Leather moto jackets: vintage and new

Many years ago my father-in-law gave me the leather moto jacket pictured here. It had belonged to his father and is most likely from the 40s or early 50s. It had been in a closet for many years because it was too small for my father-in-law. When I received the jacket the leather was dry and I was not able to zip it (I was carrying some extra weight) and the lining was frayed around the collar. I conditioned it and put it in my closet where it acted as a motivator to lose some weight.

Ten years later I finally listened to my doctor and lost most of the extra weight. It was this experience that led me to empty my closet and start fresh. In the process I rediscovered the jacket and found that it now fit perfectly. It’s almost as if the jacket were a made-to-measure jacket that had been crafted just for me. It was and still is a very satisfying feeling to wear a real vintage leather jacket with all of its patina and character (you can see some yellow paint stains on the right near the pocket). I did have the lining replaced (I only wish I had done research and replaced it with a period lining) and have to baby the Talon zipper since it is fraying at the bottom end. I have no information about who manufactured this jacket or what the leather is, and would love to find out someday. Because it is so old and there are things that I need to baby (the linings in the pockets also seem to be coming unstitched), I began thinking about getting a new jacket that I wouldn’t worry about as much, something that I will hopefully pass on to a grandchild or son-in-law.

Before rushing out to Wilson leather or a department store, I researched makers of leather jackets (by this point I have gotten completely into slow fashion and handmade items, another reason to avoid someplace like Wilson) for two or three years looking for something similar to the 1940s jacket. My research started by reading some of Old26’s posts on the Selvedge & Style Forum. One of the most important components of any leather jacket is the leather (this is also true for leather boots/shoes). The most common leather is probably cowhide/steerhide followed by horsehide, but you will find goat, seal, kudu, ostrich, and many more leathers available depending on where you shop. The leather you choose will have a big impact on the cost of the jacket, but you should plan on spending at least $500 for a high quality leather jacket no matter the leather you choose. The method of production and brand will be other influences on cost (hand-made jackets will cost more as will jackets with a name like Ralph Lauren or Gucci on them).

The next step was to start looking at leather jacket manufactures that are hand-made or American made. I looked at Schott NYC, Simmons Bilt (Alexander Leather), and Aero Leather. Each has a jacket that is similar to my vintage jacket but none have one exactly like it. The number of pockets may be different, they may not have pull adjusters at the wrist or waist, or they may have a different collar style. Simmons Bilt and Aero will do customizations to their existing patterns for a small fee. In the end I chose to work with Aero Leather for a few reasons: they had the style closest to my vintage jacket, had a leather that I found really interesting, they offered tartan lining options, and offered a pay-in-advance option after the pound crashed against the dollar (Aero and Simmons are both in Scotland). The pay-in-advance option ended up reducing the cost by almost $200.

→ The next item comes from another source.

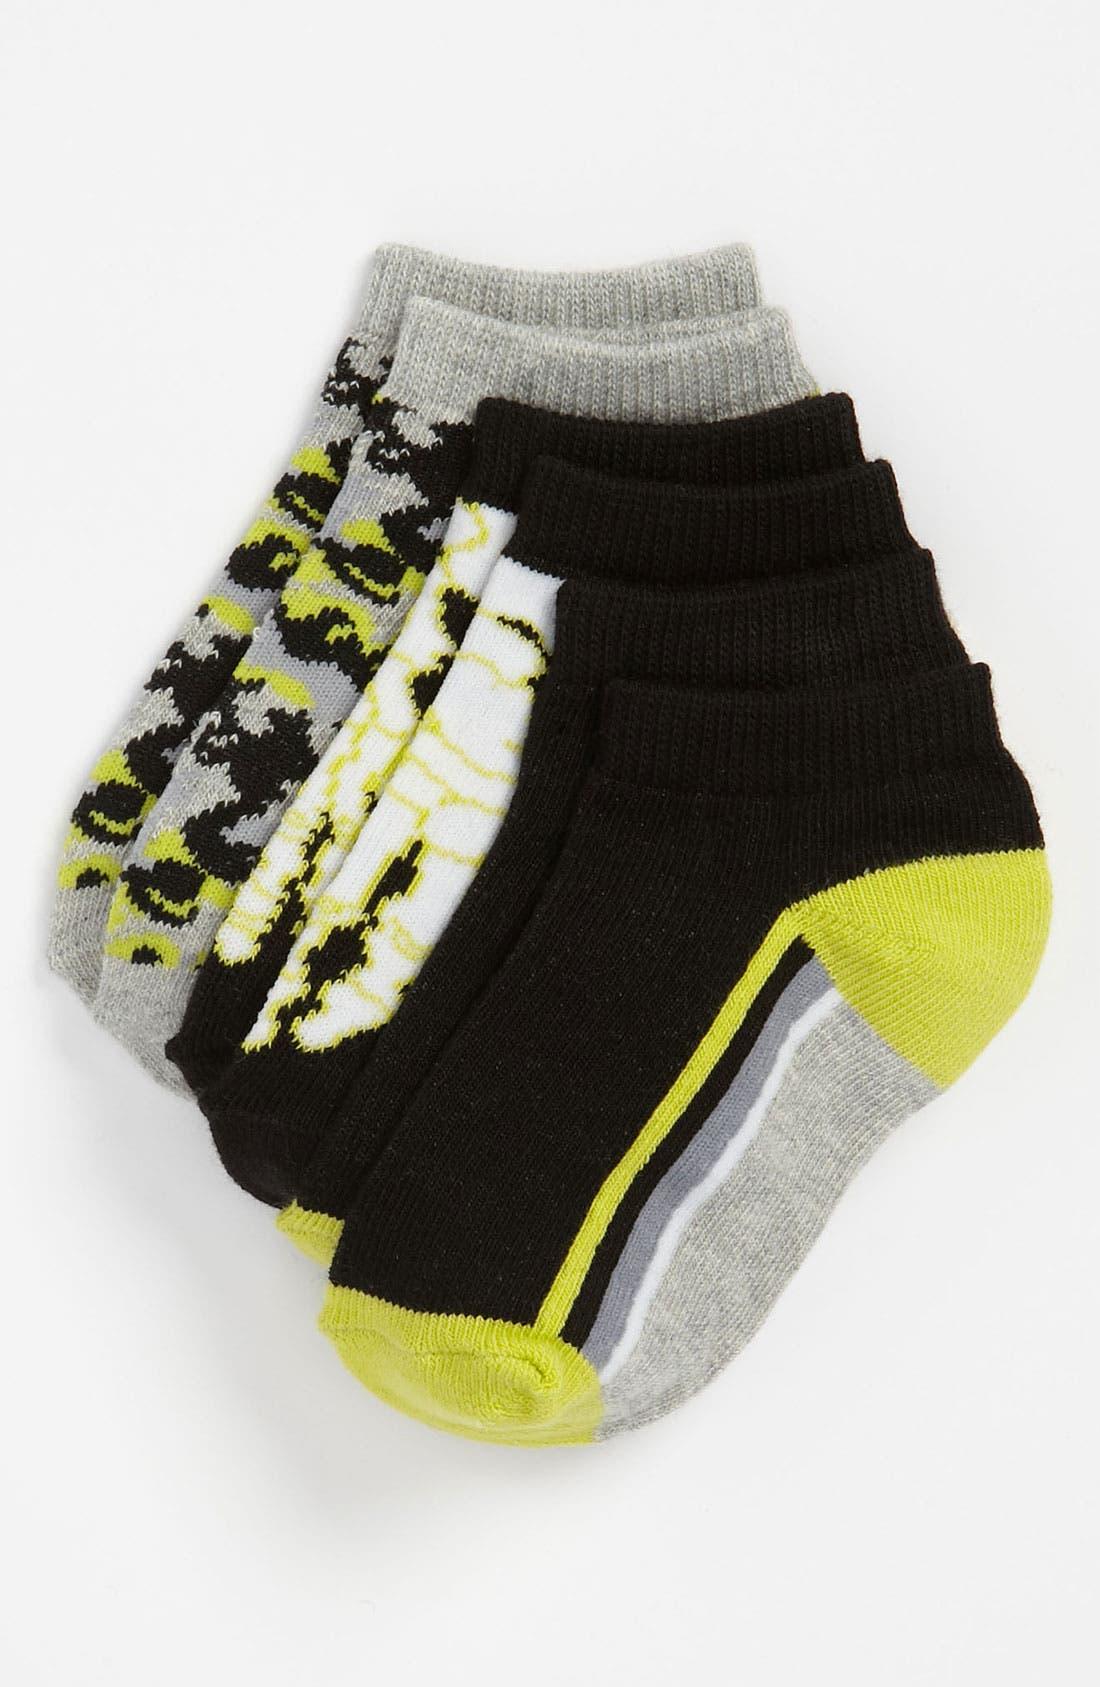 Alternate Image 1 Selected - Nordstrom 'Crossbones' Socks (3-Pack) (Toddler, Little Boys & Big Boys)

Ordering from Aero was a little confusing. First you select your jacket style and add it to your cart (including leather choice). The next step is to add customizations like linings, zippers, and knitting to your cart. Once you have all your items in your cart you can checkout, where you’ll be able to request further customizations that aren’t listed on the site (shorten the jacket length or sleeve length, remove a standard half-belt, make the chest/shoulder/opening a little bigger than the standard size you’re ordering, etc.). If you want to take advantage of the pay-in-advance option then indicate that as well. After all that you can submit your order and wait for an acknowledgement from Holly or Christine. If there are any questions about your order they will make sure everyone is on the same page before sending your order to the floor. Once your order is on the floor it will be handmade by a single artisan and in 8-12 weeks you’ll receive your jacket. One thing to be prepared for is for your shipment to get held at customs until you pay the duties on it (unfortunately most jackets will be over the $800 limit where customs fees would not be applied).

In the end I ordered a Wayfarer style jacket in a size 40. I requested Tumbled Cordovan Front Quarter Horsehide for the leather and a Ramsay Blue Ancient tartan lining from Lochcarron. My jacket was made by Ruth Sara Mason and is fantastic.

If you are planning on ordering an Aero jacket rather than buying it from a local retailer (Insurrection and Thurston Bros both in Seattle), make sure you do your homework on the fits. Jackets based on styles from the 30s-50s are very slim. This means that you need to let Aero know if you carry weight at your waist or have a gut as they will need to alter the pattern to accommodate, but don’t let that stop you from considering these jackets.